Снова смотрит на меня, воздев брови, будто спрашивает: «Ну что, довольны?»
— То есть цепочки не было?
Задержав на мне взгляд на какое-то время, детектив снова опускает его к бумагам.
— Нет. Никакой цепочки. Только сережка.
Резко выдохнув, я запускаю пальцы себе в волосы. Томас снова внимательно на меня смотрит, ожидая, когда я что-нибудь скажу, что-нибудь сделаю. Откинувшись на спинку стула, я так и поступаю.
— Сережка — часть комплекта. Когда Обри похитили, на ней должна была быть цепочка с таким же кулоном. Она их на всех фото вместе носит. На плакате «РАЗЫСКИВАЕТСЯ», на школьных фотографиях, в «Фейсбуке»… Если на ней были сережки, то был и кулон.
Томас закрывает папку:
— Откуда вы знаете?
— Проверила, — говорю я. — Нужно было убедиться, прежде чем идти к вам.
— Хорошо. И отчего вы решили, что это важно?
— Потому что у Лэйси тоже было украшение. Помните?
— Верно, — говорит он. — Вы упоминали про браслет.
— Браслет из бусин с металлическим крестиком. Я видела его у нее на запястье у себя в кабинете. Она прикрывала им шрам. Но когда этим утром я смотрела на ее тело… браслета не было.
В комнате повисает неловкая тишина. Детектив Томас продолжает меня разглядывать, и я не уверена — он сейчас размышляет над сказанным мной или же беспокоится, все ли со мной в порядке. Я начинаю говорить быстрее.
— Думаю, убийца забирает украшения жертв на память. И делает это потому, что так делал мой отец. Ричард Дэвис, если знаете такого. В Бро-Бридже.
Я наблюдаю за его реакцией по мере того, как складывается головоломка. Реакция всегда одинаковая — всякий раз, когда кто-нибудь осознает, кто я такая: сначала все лицо заметно расслабляется, но потом челюсть твердеет, словно человеку приходится сдерживать себя, чтобы немедленно на меня не кинуться. Наши фамилии, наши черты лица. Мне с детства говорили, что нос у меня отцовский, крупный, чуть крючковатый — и я из всех своих черт именно эту больше всего не переношу: не из заботы о внешности, а оттого, что каждый взгляд в зеркало мне напоминает, чья у меня ДНК.

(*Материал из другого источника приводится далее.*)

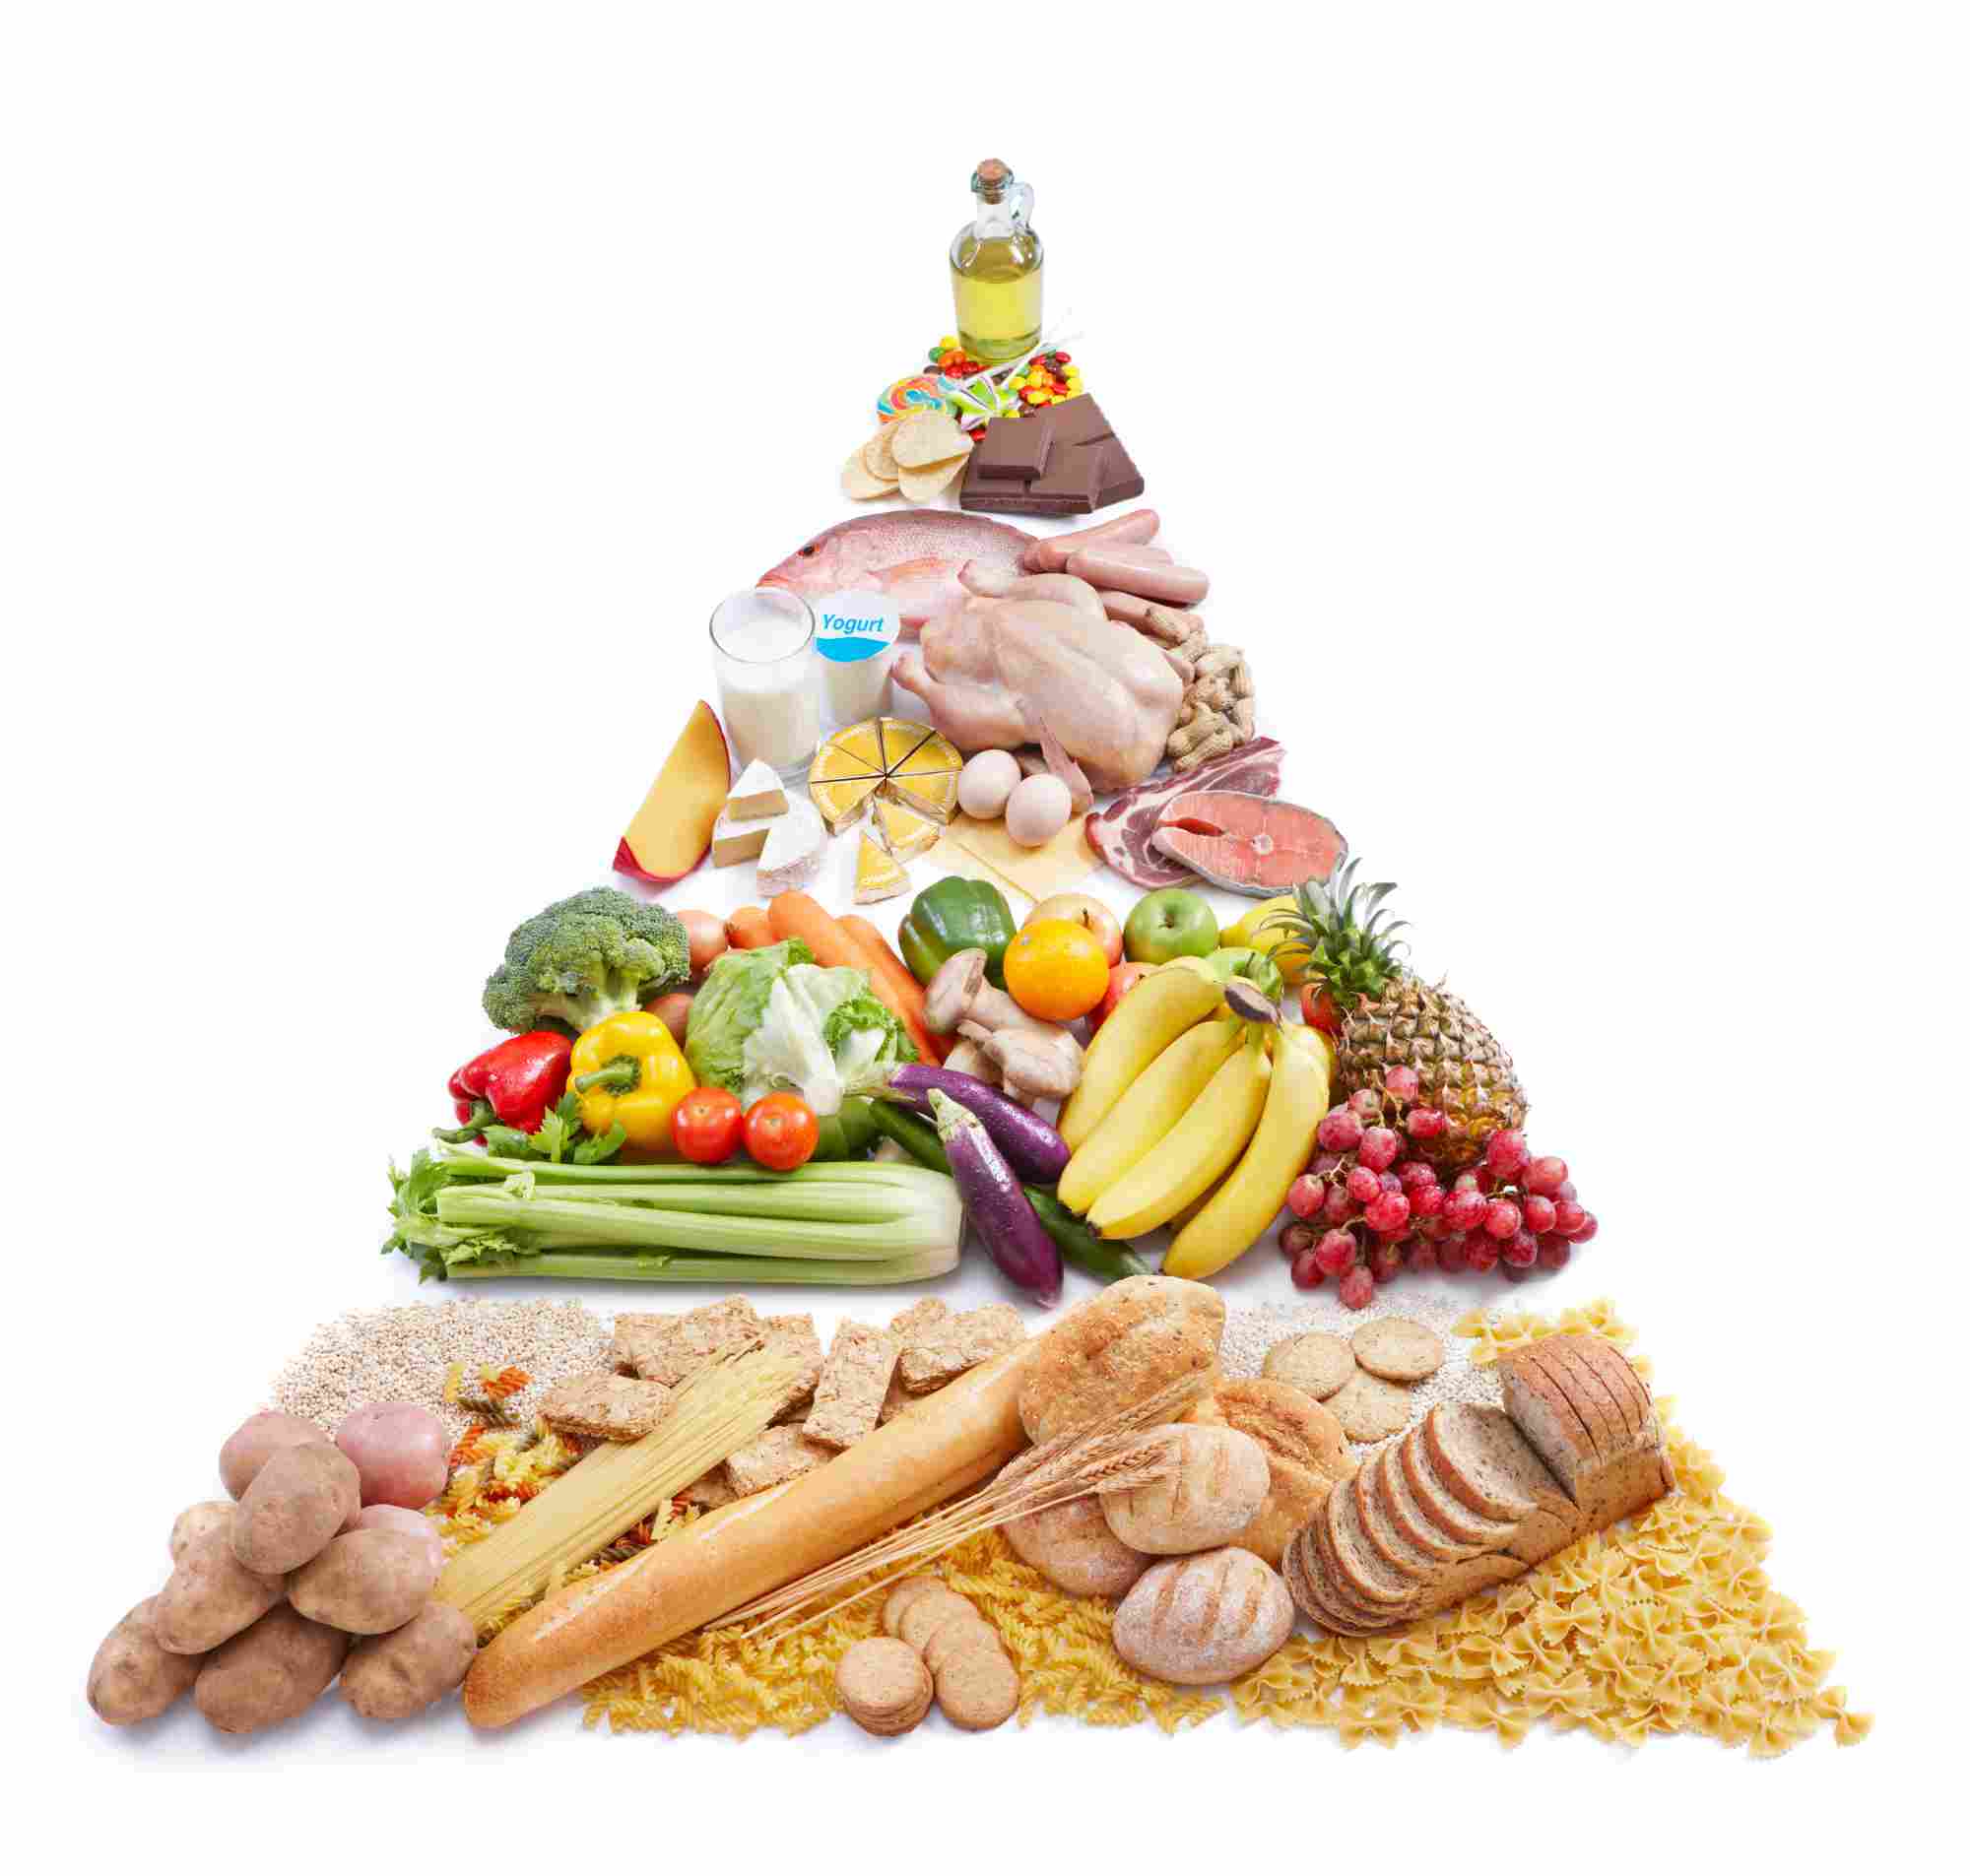 Съестные продукты. Пирамида питания здорового человека. Кето пирамида питания. Рациональное питание. Сбалансированное питание.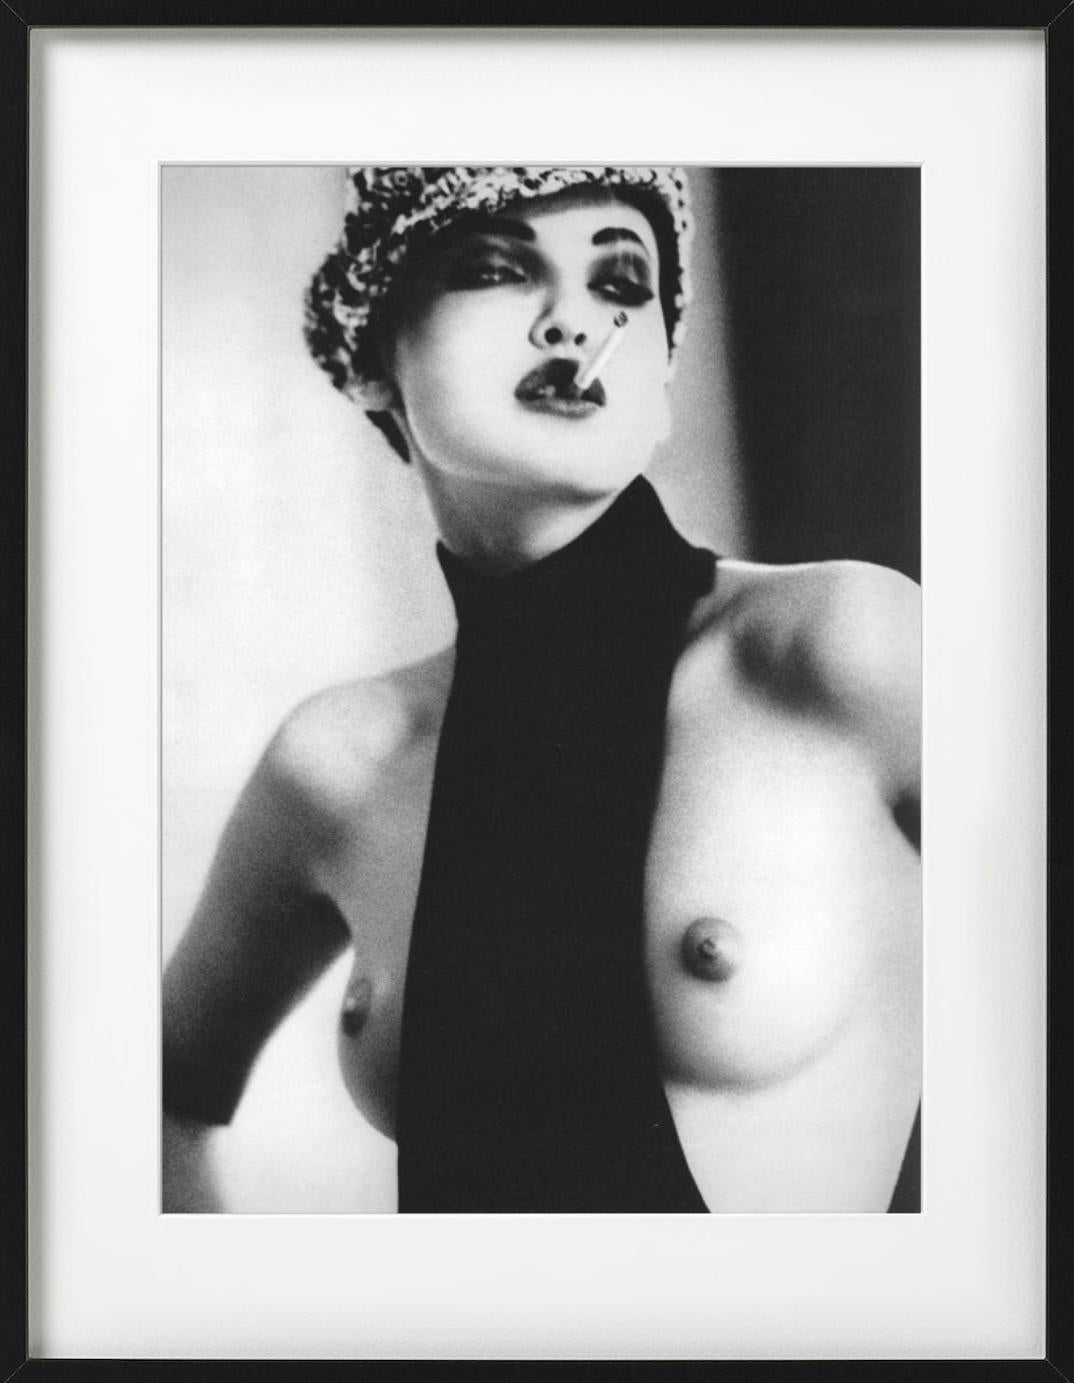 Nadja Auermann, Smoke - nude portrait with cigarette, fine art photography - Photograph by Ellen von Unwerth

— Вы — Хлоя Дэвис, — произносит Томас. — Дочь Дика Дэвиса.
— К несчастью, да.
— Знаете, а я ведь про вас в газете читал. — Он показывает на меня пальцем, чуть шевеля им по мере того, как вспоминает. — Только… как-то не сообразил.
— Да, была статья несколько лет назад. Рада, что она успела позабыться.
— И вы полагаете, что нынешние убийства как-то связаны с преступлениями вашего отца?
Томас все еще смотрит на меня с сомнением, будто я — витающий в воздухе призрак; не может поверить, что я настоящая.
— Сперва я так не думала, — говорю я. — Но в следующем месяце двадцатилетняя годовщина, а я недавно обнаружила, что отец одной из тогдашних жертв живет здесь, в Батон-Руже. Берт Родс. И он… склонен к насилию. У него были неприятности с полицией. Он пытался задушить собственную жену…
— По-вашему, он — подражатель? — перебивает меня детектив. — По-вашему, отец жертвы мог сделаться подражателем?
— У него неприятности с полицией, — повторяю я. — И еще… моя семья. Он ненавидит мою семью. Ну, то есть это-то понять можно, но он пришел ко мне домой сегодня утром, был в бешенстве, я страшно перепугалась…
— Он явился к вам без предупреждения? — Томас садится прямее, тянется за карандашом. — Он вам угрожал?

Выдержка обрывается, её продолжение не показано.